Raymond, a fast-growing machinery company's director, kept his major accounts in Aaron's branch. One afternoon, Raymond visited Aaron's office to discuss an application for a business loan. During the meeting, Aaron's learnt that a well-known listed technology corporation was going to merge with Raymond's company.


Upon hearing Raymond's confidence and optimism for the future of his company and the likely rise of the technology corporation’s stock price, Aaron realised the opportunity for him to make his own tidy profit. Aaron made a quick call to his broker and bought a large quantity of shares of the technology corporation in advance. He also told his brother about this information. A few days later, when the announcement of the merger was made public, the share price rose considerably. Aaron subsequently sold the stocks and made a substantial profit.

Case Analysis

Aaron occupied a position from which he had access to sensitive information about his client's merger plan. He might commit an offence of insider dealing under the Securities and Futures Ordinance and might also breach the Code of Conduct[1] of the bank by leaking client’s information to an outsider without his consent and abusing the information to deal in the stocks for personal gain. Aaron should not deal, whether directly or indirectly, in the shares or other securities of any company listed on The Stock Exchange of Hong Kong Limited when he possessed non-public inside information obtained as a result of his employment.

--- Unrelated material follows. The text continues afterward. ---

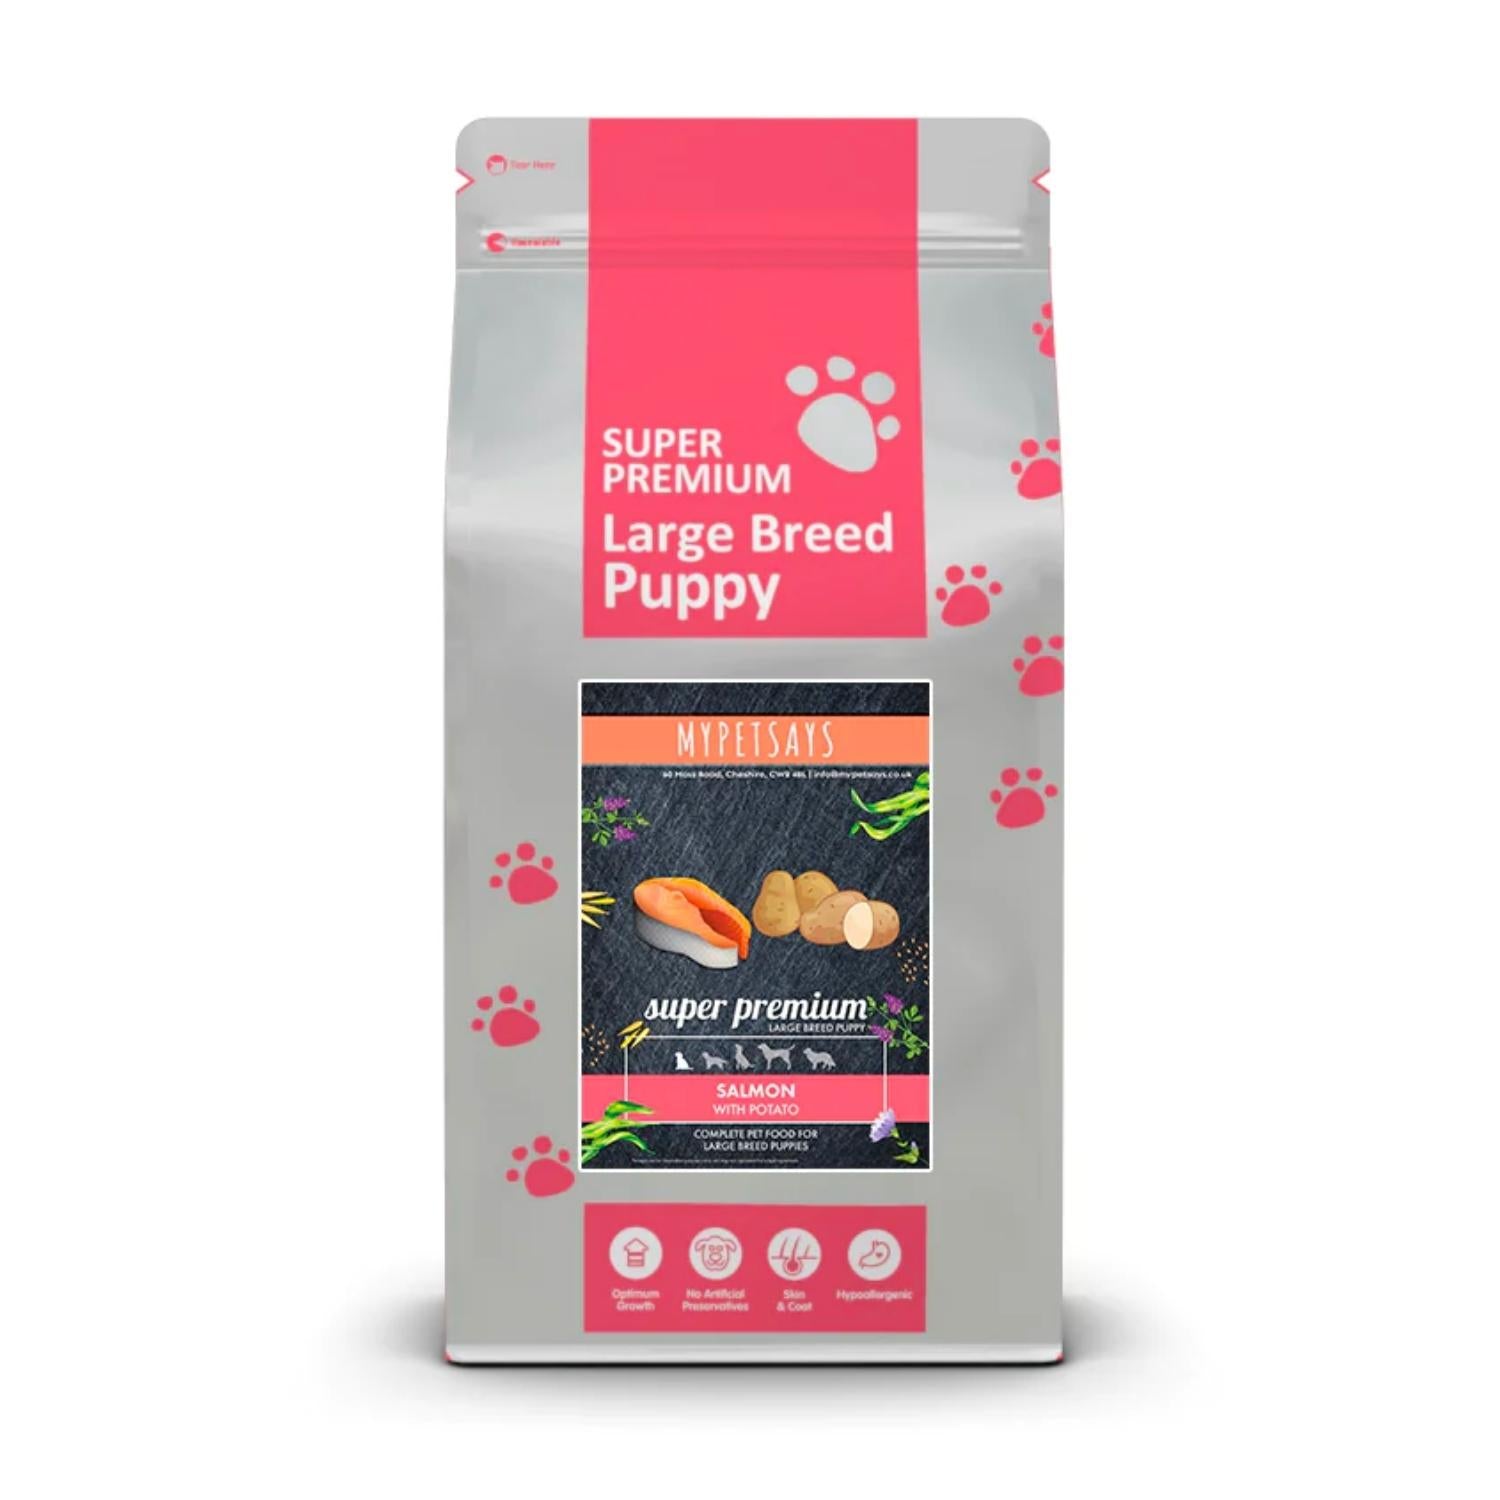 Super Premium Large Breed Puppy Food - Salmon & Potato

[1] According to HKMA’s Supervisory Policy Manual CG-3, each authorized institute (bank) should develop its own Code of Conduct containing certain minimum conduct requirements which include “no member of staff should deal in the shares or other securities of any listed company when possessing privileged or price-sensitive information that is not generally known to the shareholders of that company and to the public. Staff should not disclose such information to any third party.”